The controversy over Maggie is only a tip of the ice berg. The problem of the so-called fast foods is a deep-rooted one with serious challenges to public health. The debate should, therefore, focus beyond Maggie on unravelling the challenge of this new lifestyle that is catching the imagination of people, especially the children and the young.

Junk food high in fat, salt and sugar is linked to growing non-communicable diseases like obesity, hypertension and diabetes

The controversy over Maggie is only a tip of the ice berg. The problem of the so-called fast foods is a deep-rooted one with serious challenges to public health. The debate should, therefore, focus beyond Maggie on unravelling the challenge of this new lifestyle that is catching the imagination of people, especially the children and the young.

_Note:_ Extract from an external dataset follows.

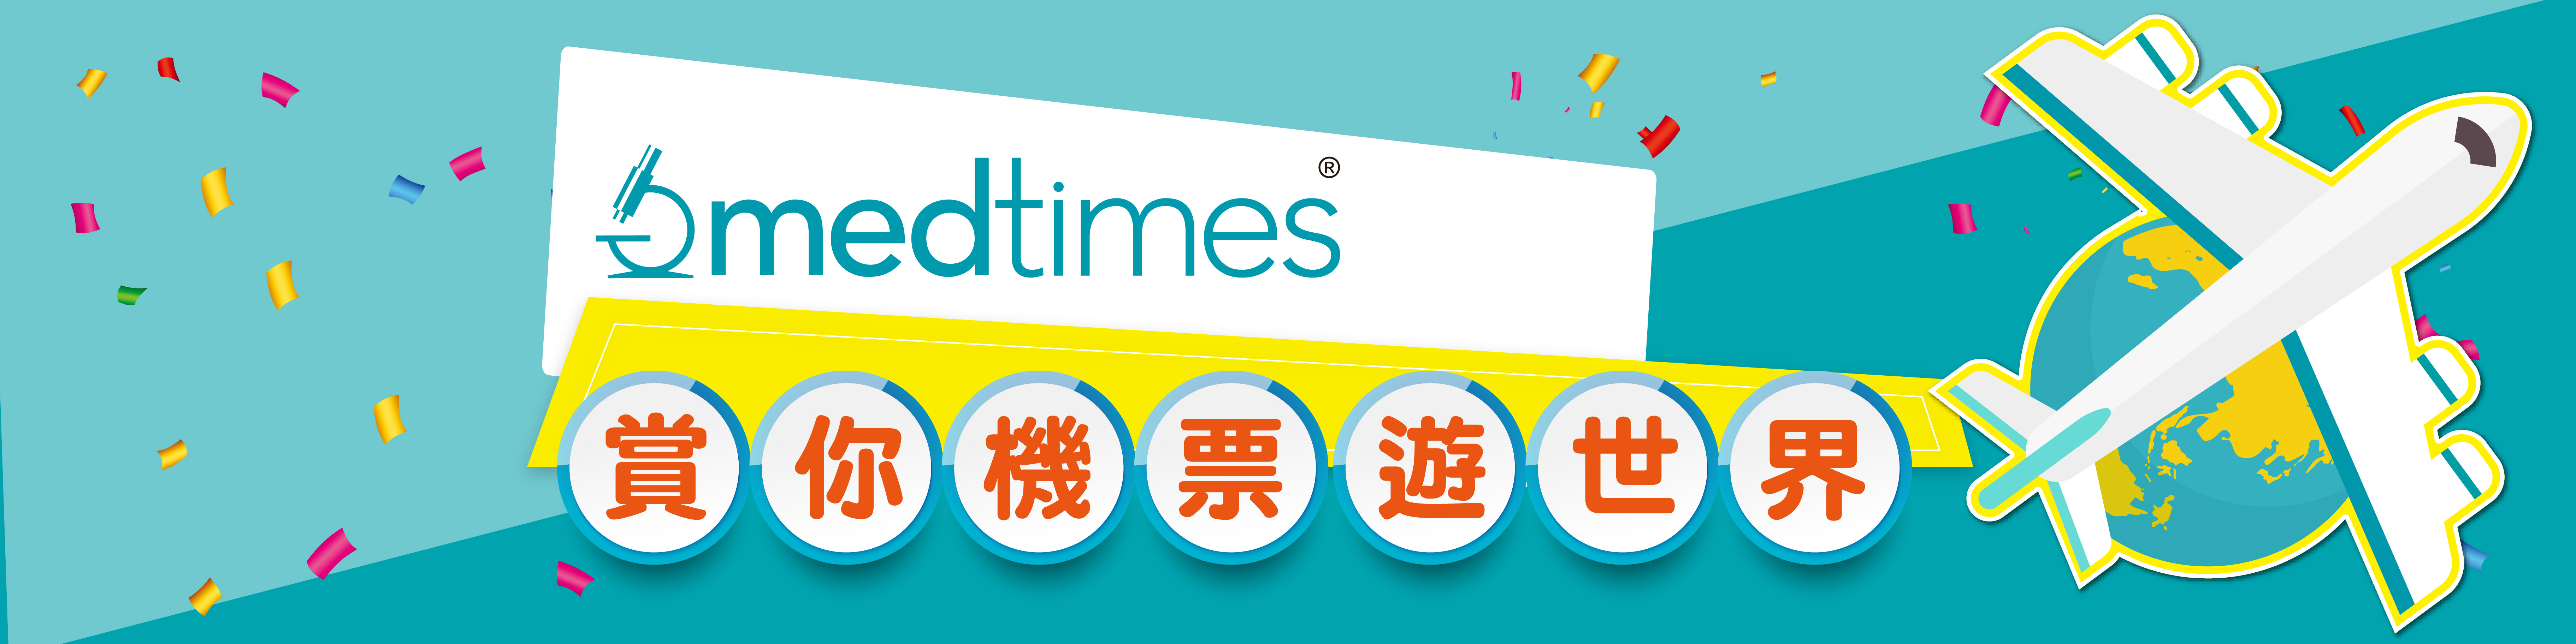 Medtimes 賞您機票遊世界

A committee constituted by Food Safety and Standards Authority of India (FSSAI) has revealed how consumption of junk foods – high in fat, salt and sugar – is linked to growing non-communicable diseases such as obesity, diabetes and hypertension among children. Children are not the best judge of their food choices.

The National Restaurant Association of India (NRAI) 2010 report estimated that the fast food industry is growing at a compound growth rate of 35-40 per cent annually. The Centre for Science and Environment (CSE) warns that junk food is unhealthy because it is high in calories, fat and trans fats, sugar in liquid form and salt, and low in fibre and nutrients.

They have no nutritional value. Most have trans fats which behave like saturated fats when they get in the body, clog up arteries and cause plaque to build up, contributing to heart diseases and strokes. In a significant judgement on March 16, 2015, the Delhi High Court ordered regulation of junk foods consumption among school children across India.

Most common junk foods that are high in fat, salt and sugar such as chips, fried foods, sugar-sweetened carbonated beverages, sugar-sweetened non-carbonated beverages, ready-to-eat noodles, pizzas, burgers, potato fries and confectionery items should be restricted in schools and in 50-meter radius. Advertisement and promotion of such foods targeted at children should be regulated through a framework that includes all types of media, celebrity endorsements and promotional activities.

Governments should immediately implement the recommendation of CSE to control the health impact of junk foods. Many countries have imposed restrictions on the sale of junk food in and around schools and put in place ‘fat’ taxes to dissuade people from consuming junk food. India, too, should take some lessons.

Ban junk foods from schools and places where children can have easy access to them. Also, ban junk food advertisements during children’s programmes, implement stricter advertisement guidelines for children’s TV channels, and allow such ads on other channels only after 9 pm. Impose a ‘fat tax’ on food items like processed food if they contain more than 2.3 per cent saturated fat.

FSSAI should come out with regulations to reduce salt, sugar and fats in junk foods, including imposition of ‘fat, salt and sugar tax’. Change labelling rules for trans fats and salt. The World Health Organisation (WHO) said that unhealthy diet is one key cause of the growing global burden of disease. India should, therefore, immediately act on junk foods to build a healthy nation.